What this task involves
From the line below that contains "G To K Zircon" to the line that contains "Image of the", repeat every line exactly, both ends included, and nothing else.

● ● ● ●

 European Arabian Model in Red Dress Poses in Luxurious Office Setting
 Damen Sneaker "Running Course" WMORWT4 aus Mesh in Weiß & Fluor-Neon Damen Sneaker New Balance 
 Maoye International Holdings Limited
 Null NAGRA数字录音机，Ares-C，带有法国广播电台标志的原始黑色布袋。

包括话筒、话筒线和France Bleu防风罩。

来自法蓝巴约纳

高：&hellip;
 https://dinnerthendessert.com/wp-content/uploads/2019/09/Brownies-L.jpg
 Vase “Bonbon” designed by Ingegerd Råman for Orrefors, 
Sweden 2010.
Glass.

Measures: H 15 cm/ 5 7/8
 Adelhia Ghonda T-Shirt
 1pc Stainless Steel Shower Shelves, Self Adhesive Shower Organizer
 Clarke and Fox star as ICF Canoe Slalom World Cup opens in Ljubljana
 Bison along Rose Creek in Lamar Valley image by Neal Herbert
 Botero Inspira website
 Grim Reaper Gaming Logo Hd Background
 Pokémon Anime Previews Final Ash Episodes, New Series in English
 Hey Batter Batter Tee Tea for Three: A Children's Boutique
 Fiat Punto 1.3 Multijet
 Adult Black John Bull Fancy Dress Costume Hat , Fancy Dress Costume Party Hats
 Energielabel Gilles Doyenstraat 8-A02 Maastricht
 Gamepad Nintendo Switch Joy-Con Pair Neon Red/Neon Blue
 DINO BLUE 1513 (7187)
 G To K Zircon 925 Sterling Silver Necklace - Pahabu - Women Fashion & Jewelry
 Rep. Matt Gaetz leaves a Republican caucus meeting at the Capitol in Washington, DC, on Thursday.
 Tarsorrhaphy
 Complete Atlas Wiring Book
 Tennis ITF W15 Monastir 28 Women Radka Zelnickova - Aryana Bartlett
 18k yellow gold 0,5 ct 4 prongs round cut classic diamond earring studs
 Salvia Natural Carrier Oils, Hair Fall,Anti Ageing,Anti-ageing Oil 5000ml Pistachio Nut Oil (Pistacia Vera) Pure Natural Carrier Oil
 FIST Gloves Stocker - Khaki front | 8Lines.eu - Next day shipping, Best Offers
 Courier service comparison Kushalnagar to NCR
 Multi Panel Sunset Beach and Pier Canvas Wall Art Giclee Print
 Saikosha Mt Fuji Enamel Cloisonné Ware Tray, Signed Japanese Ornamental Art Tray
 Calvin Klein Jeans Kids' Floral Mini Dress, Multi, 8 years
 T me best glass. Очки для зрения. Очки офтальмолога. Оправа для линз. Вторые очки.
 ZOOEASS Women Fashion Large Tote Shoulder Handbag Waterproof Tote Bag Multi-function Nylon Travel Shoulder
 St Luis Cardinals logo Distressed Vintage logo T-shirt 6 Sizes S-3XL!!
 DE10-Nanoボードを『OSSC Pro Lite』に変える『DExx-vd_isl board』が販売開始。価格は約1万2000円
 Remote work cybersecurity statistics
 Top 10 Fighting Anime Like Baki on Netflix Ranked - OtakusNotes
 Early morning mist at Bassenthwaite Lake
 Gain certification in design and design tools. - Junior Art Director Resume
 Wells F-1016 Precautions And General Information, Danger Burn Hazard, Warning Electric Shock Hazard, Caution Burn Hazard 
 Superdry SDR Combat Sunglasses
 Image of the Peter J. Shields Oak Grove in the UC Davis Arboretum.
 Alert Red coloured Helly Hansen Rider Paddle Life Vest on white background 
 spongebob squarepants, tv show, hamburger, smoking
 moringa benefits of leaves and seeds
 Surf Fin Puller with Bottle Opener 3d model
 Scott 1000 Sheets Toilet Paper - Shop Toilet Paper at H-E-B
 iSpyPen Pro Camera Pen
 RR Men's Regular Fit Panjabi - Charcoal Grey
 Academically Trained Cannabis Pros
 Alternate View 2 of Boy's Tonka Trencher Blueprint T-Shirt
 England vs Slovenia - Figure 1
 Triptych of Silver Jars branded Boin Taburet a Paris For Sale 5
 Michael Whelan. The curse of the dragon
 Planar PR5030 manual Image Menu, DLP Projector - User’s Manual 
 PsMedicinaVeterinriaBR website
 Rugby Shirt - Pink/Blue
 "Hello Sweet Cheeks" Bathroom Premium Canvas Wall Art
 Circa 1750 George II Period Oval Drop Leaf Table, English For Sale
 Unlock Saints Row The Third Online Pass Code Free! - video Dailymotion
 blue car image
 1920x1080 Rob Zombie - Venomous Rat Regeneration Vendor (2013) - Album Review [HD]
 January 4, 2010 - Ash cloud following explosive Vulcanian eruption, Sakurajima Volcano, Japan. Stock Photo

● ● ● ●

Result of the exercise
 G To K Zircon 925 Sterling Silver Necklace - Pahabu - Women Fashion & Jewelry
 Rep. Matt Gaetz leaves a Republican caucus meeting at the Capitol in Washington, DC, on Thursday.
 Tarsorrhaphy
 Complete Atlas Wiring Book
 Tennis ITF W15 Monastir 28 Women Radka Zelnickova - Aryana Bartlett
 18k yellow gold 0,5 ct 4 prongs round cut classic diamond earring studs
 Salvia Natural Carrier Oils, Hair Fall,Anti Ageing,Anti-ageing Oil 5000ml Pistachio Nut Oil (Pistacia Vera) Pure Natural Carrier Oil
 FIST Gloves Stocker - Khaki front | 8Lines.eu - Next day shipping, Best Offers
 Courier service comparison Kushalnagar to NCR
 Multi Panel Sunset Beach and Pier Canvas Wall Art Giclee Print
 Saikosha Mt Fuji Enamel Cloisonné Ware Tray, Signed Japanese Ornamental Art Tray
 Calvin Klein Jeans Kids' Floral Mini Dress, Multi, 8 years
 T me best glass. Очки для зрения. Очки офтальмолога. Оправа для линз. Вторые очки.
 ZOOEASS Women Fashion Large Tote Shoulder Handbag Waterproof Tote Bag Multi-function Nylon Travel Shoulder
 St Luis Cardinals logo Distressed Vintage logo T-shirt 6 Sizes S-3XL!!
 DE10-Nanoボードを『OSSC Pro Lite』に変える『DExx-vd_isl board』が販売開始。価格は約1万2000円
 Remote work cybersecurity statistics
 Top 10 Fighting Anime Like Baki on Netflix Ranked - OtakusNotes
 Early morning mist at Bassenthwaite Lake
 Gain certification in design and design tools. - Junior Art Director Resume
 Wells F-1016 Precautions And General Information, Danger Burn Hazard, Warning Electric Shock Hazard, Caution Burn Hazard 
 Superdry SDR Combat Sunglasses
 Image of the Peter J. Shields Oak Grove in the UC Davis Arboretum.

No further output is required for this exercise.